▶ _Exercise description_: Give an exact copy of the data that follows, but none of its pictures.

▶ _Data below_:

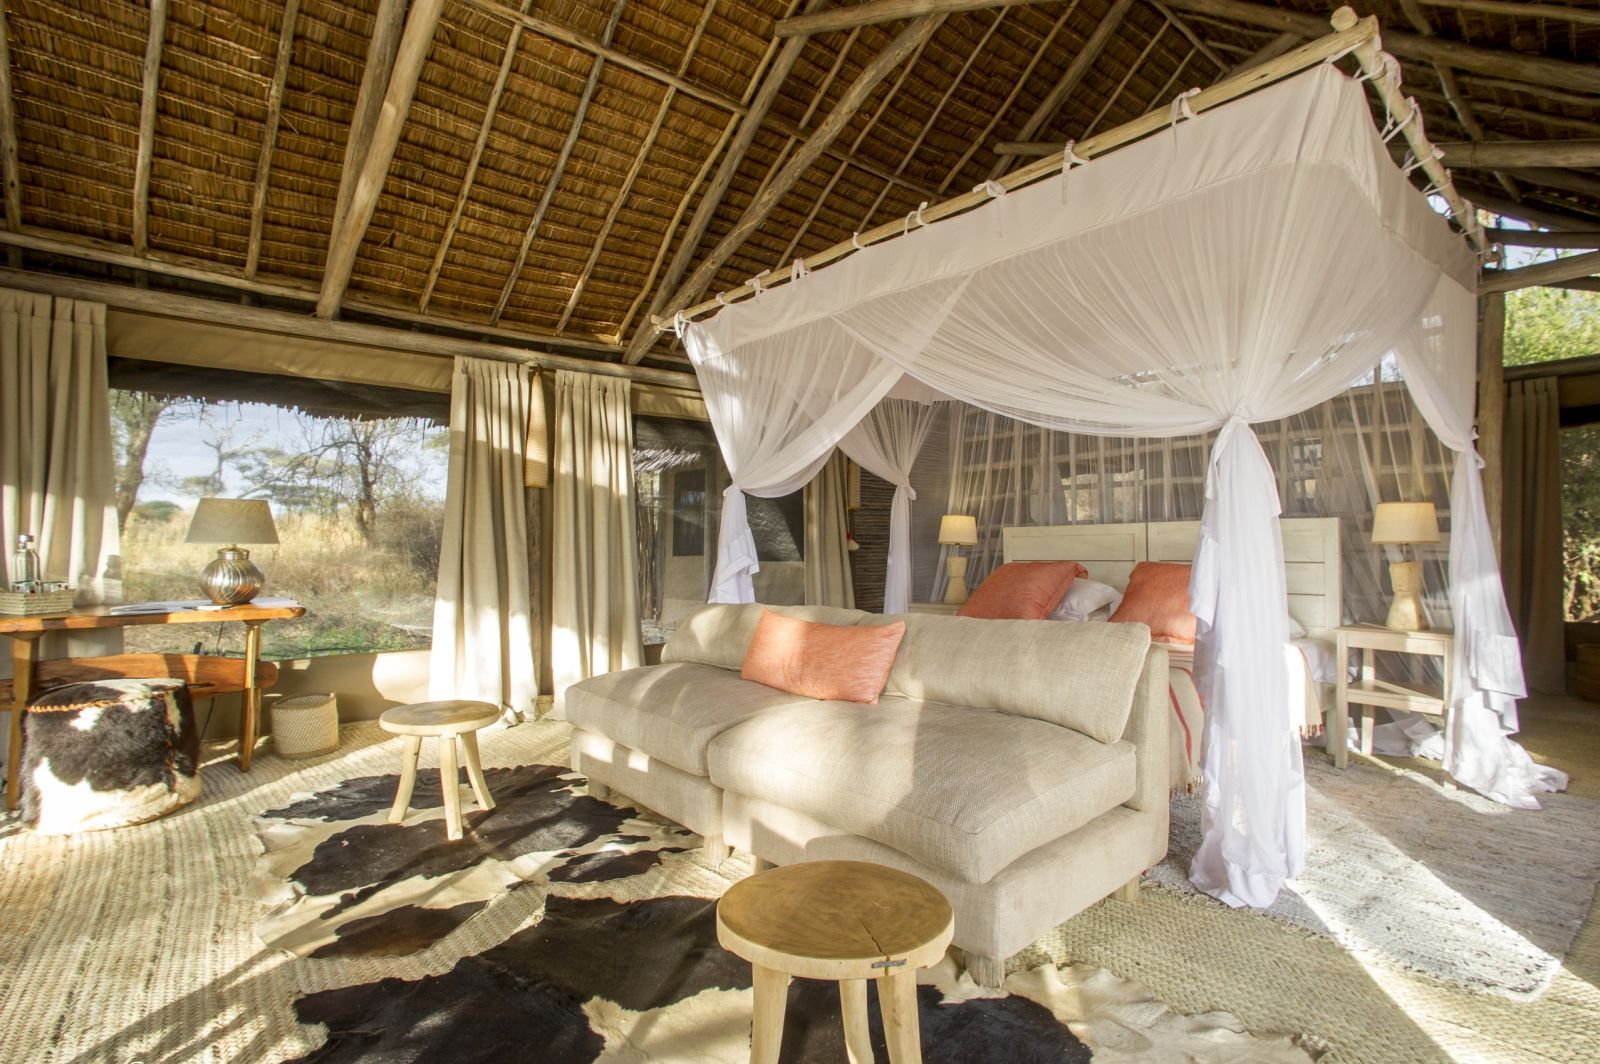 Tent interior at Kuro Tarangire in Tanzania 
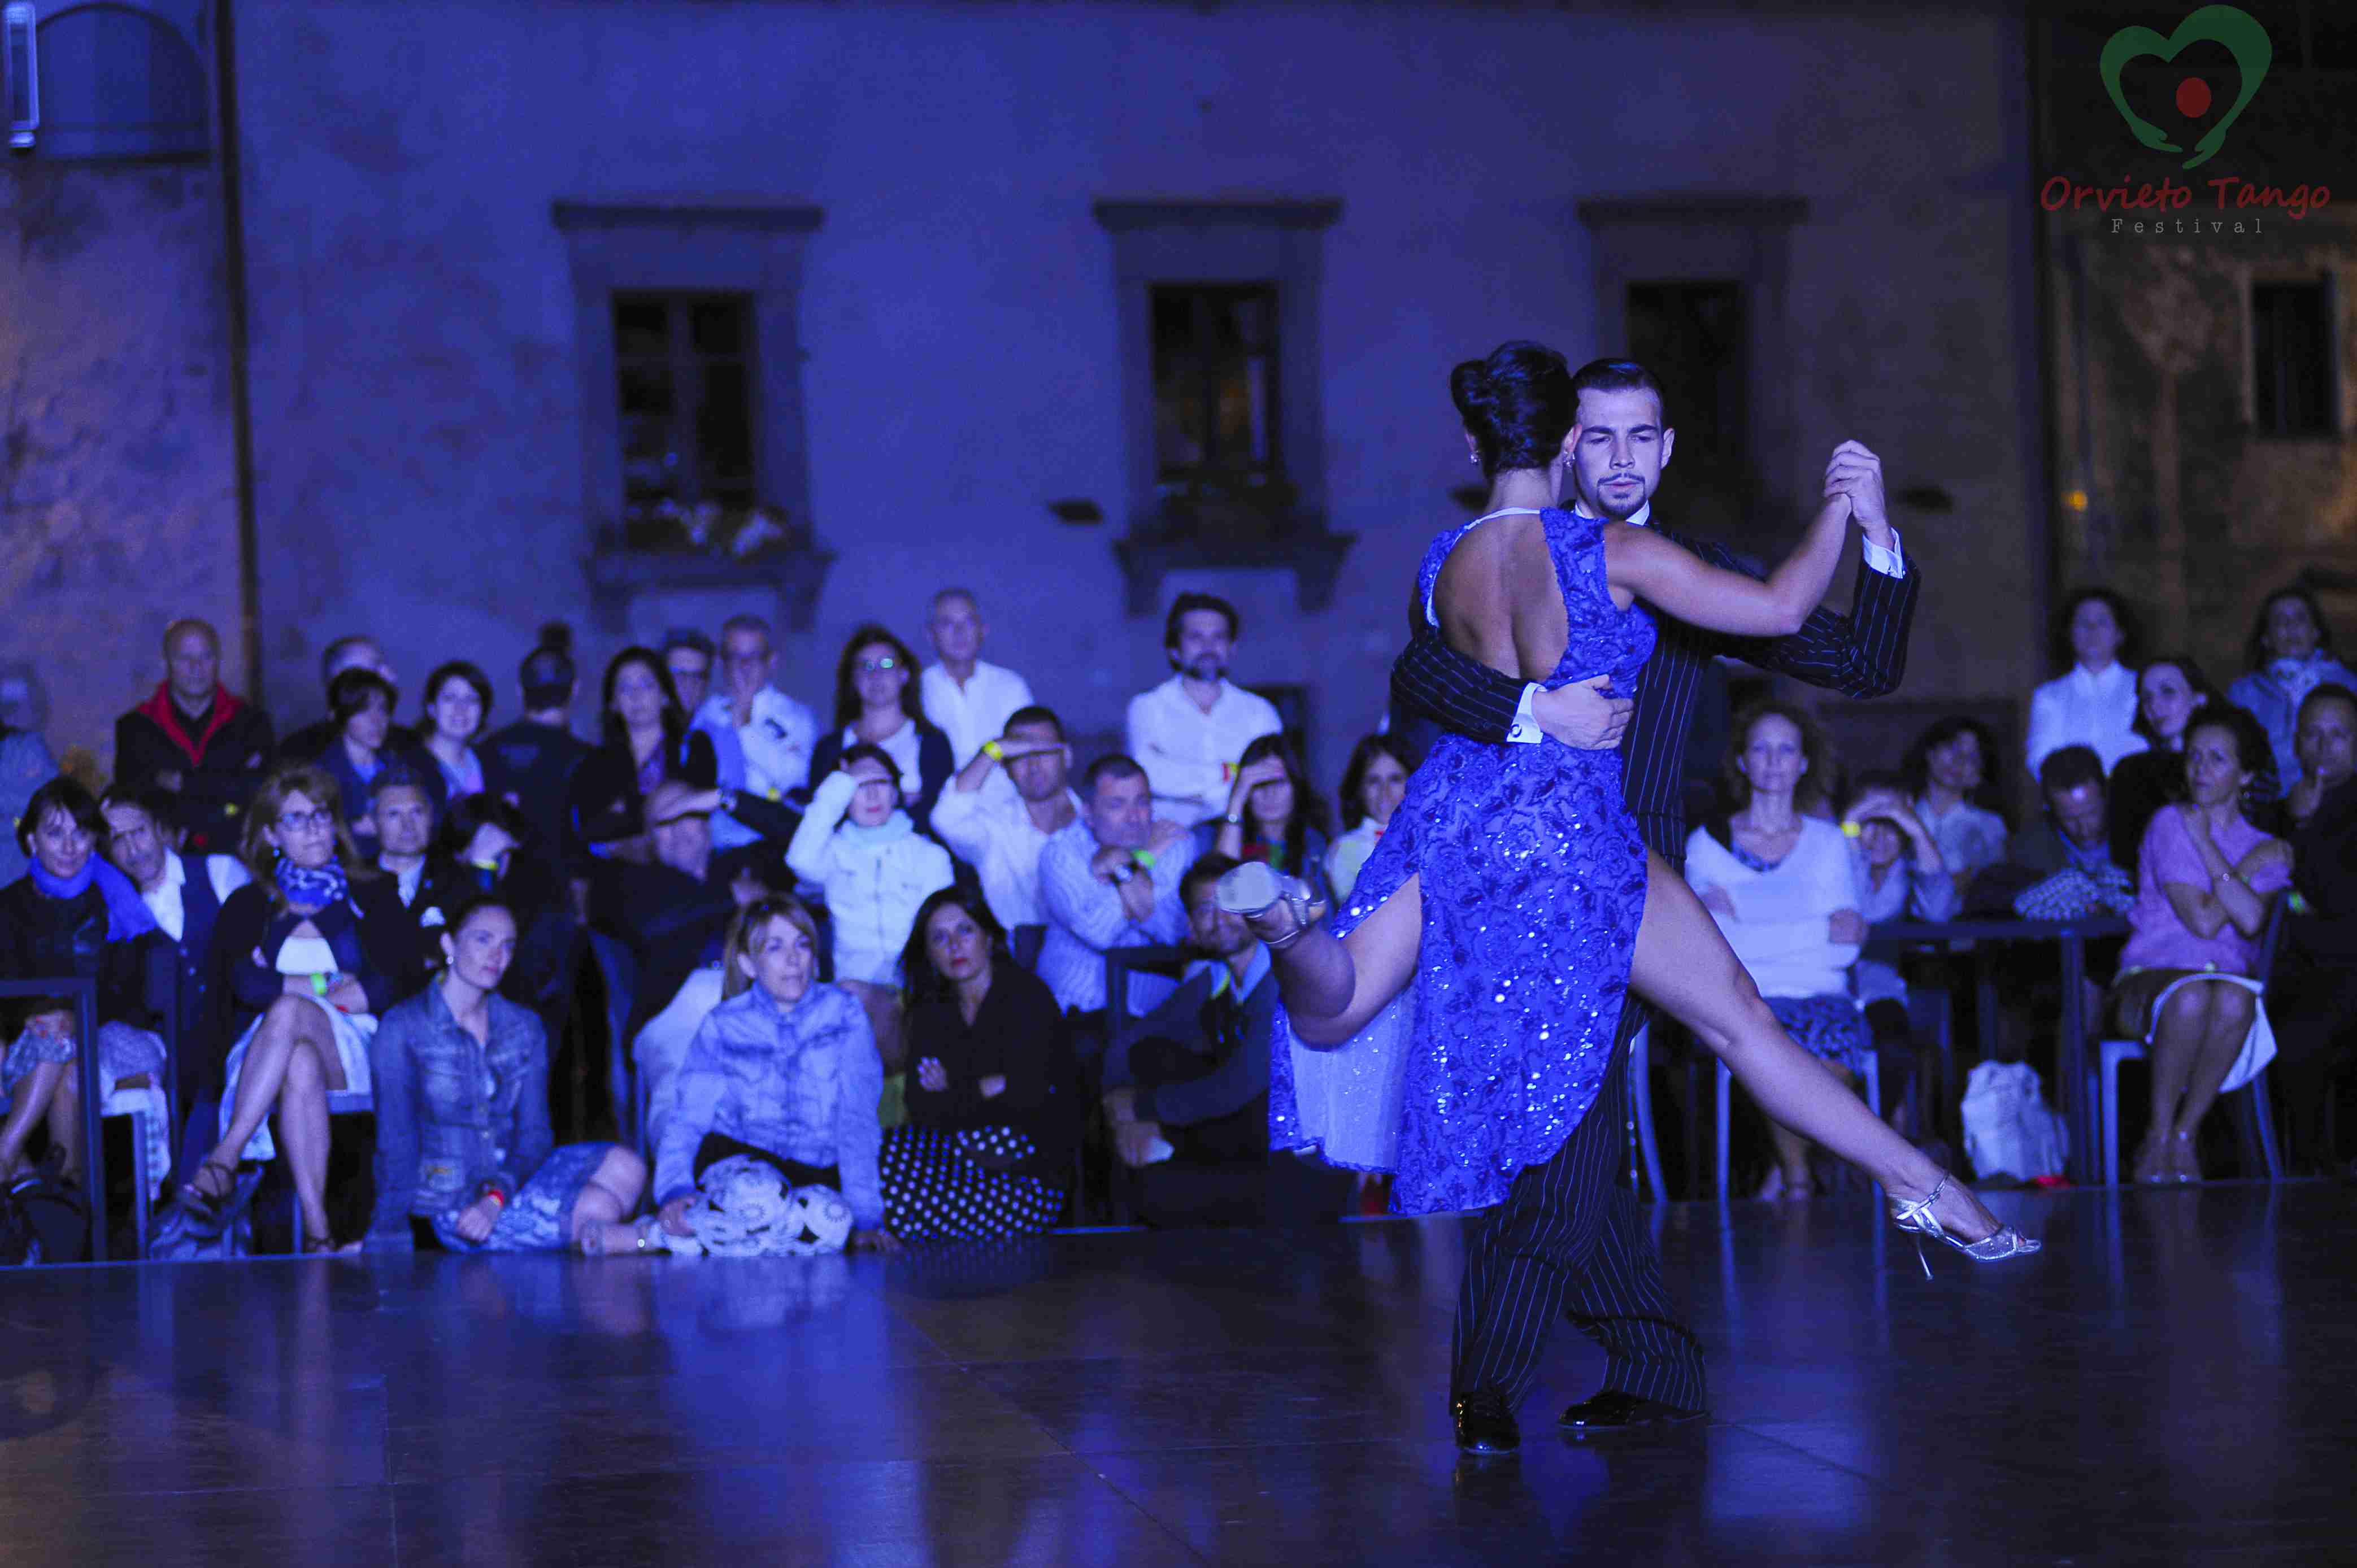 Orvieto tango festival
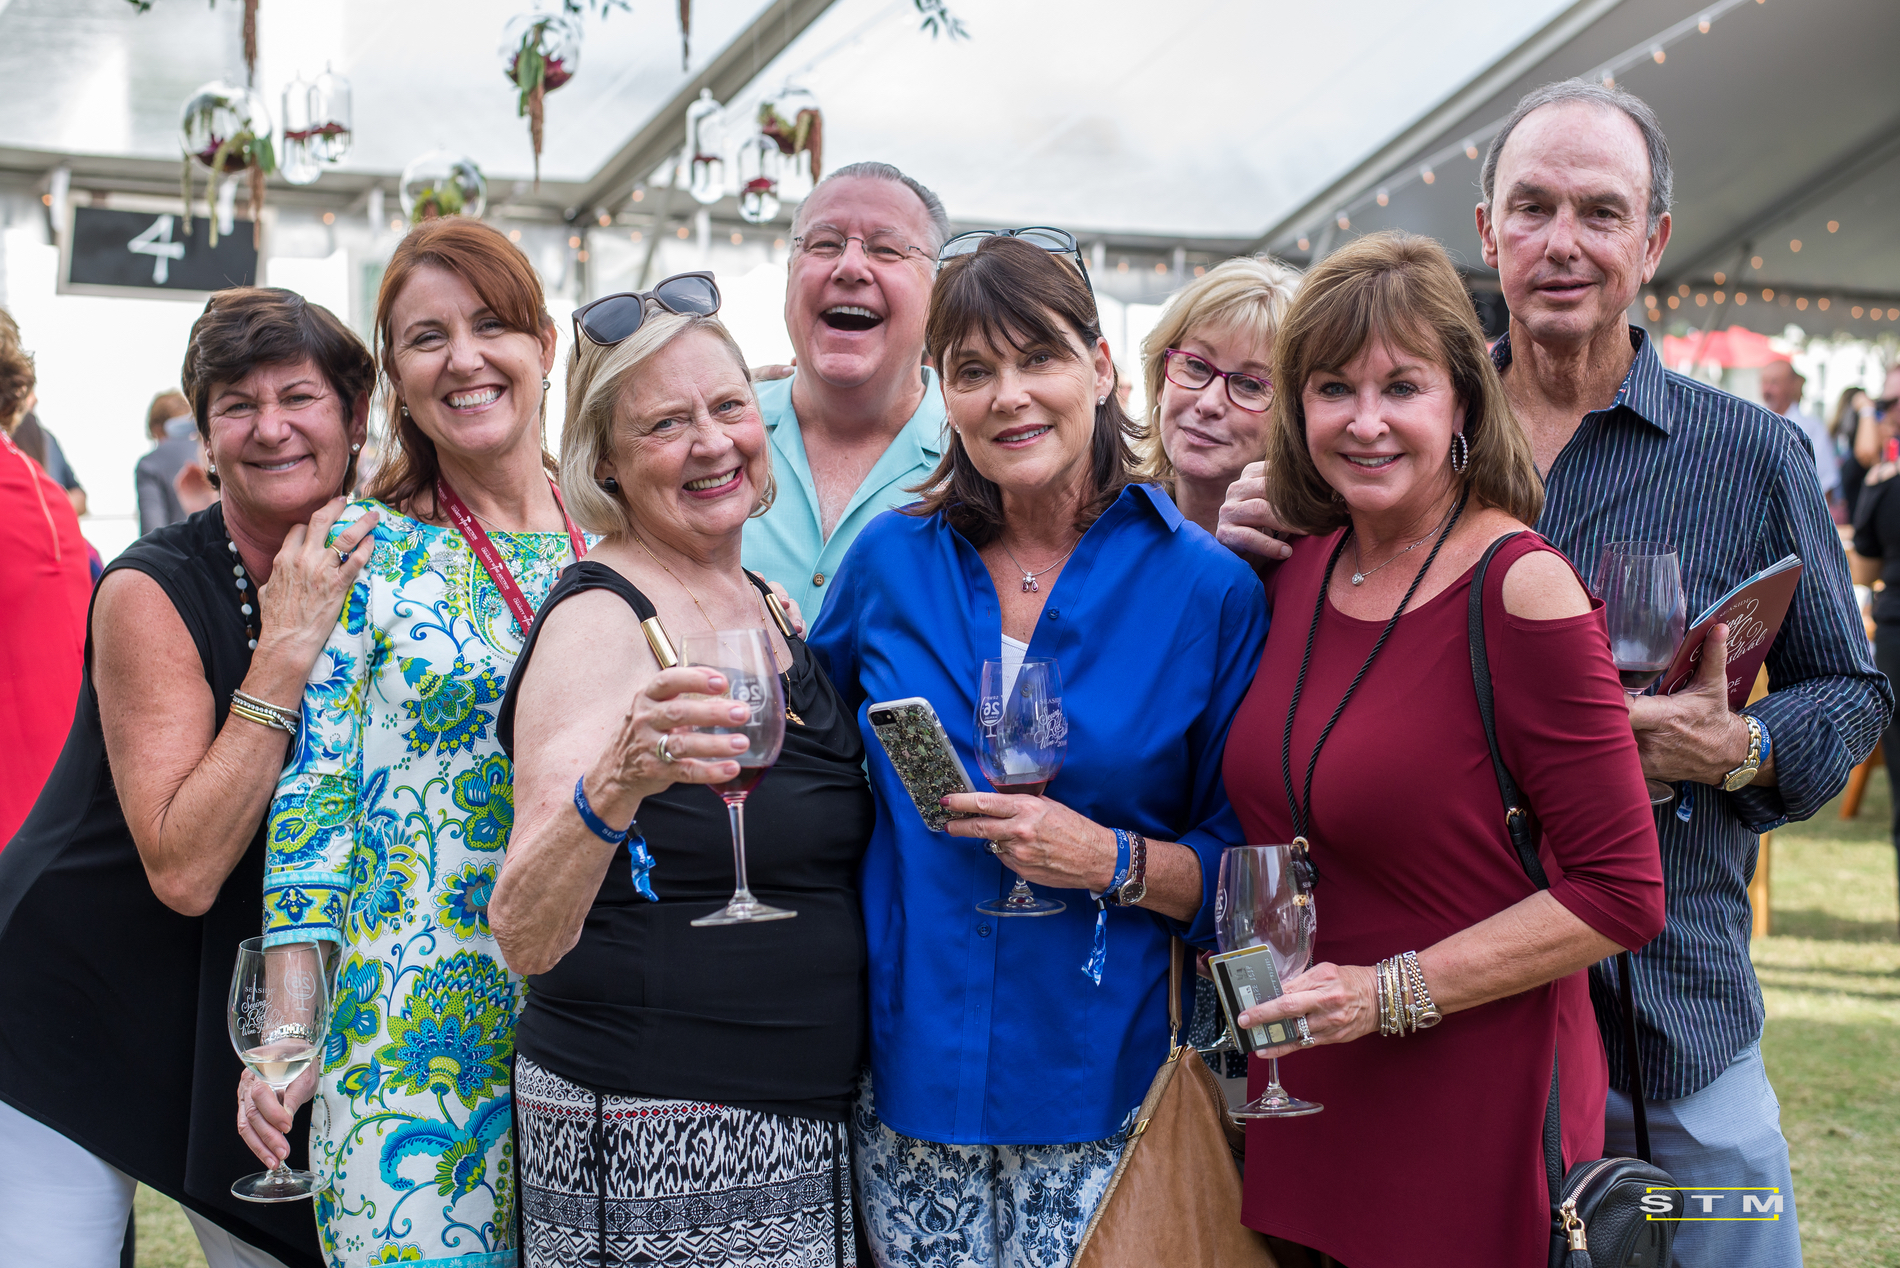 Patrons at Silent Auction DCWAF wine festival event Seaside FL

▶ _Result of this task_:
 Tent interior at Kuro Tarangire in Tanzania 
 Orvieto tango festival
 Patrons at Silent Auction DCWAF wine festival event Seaside FL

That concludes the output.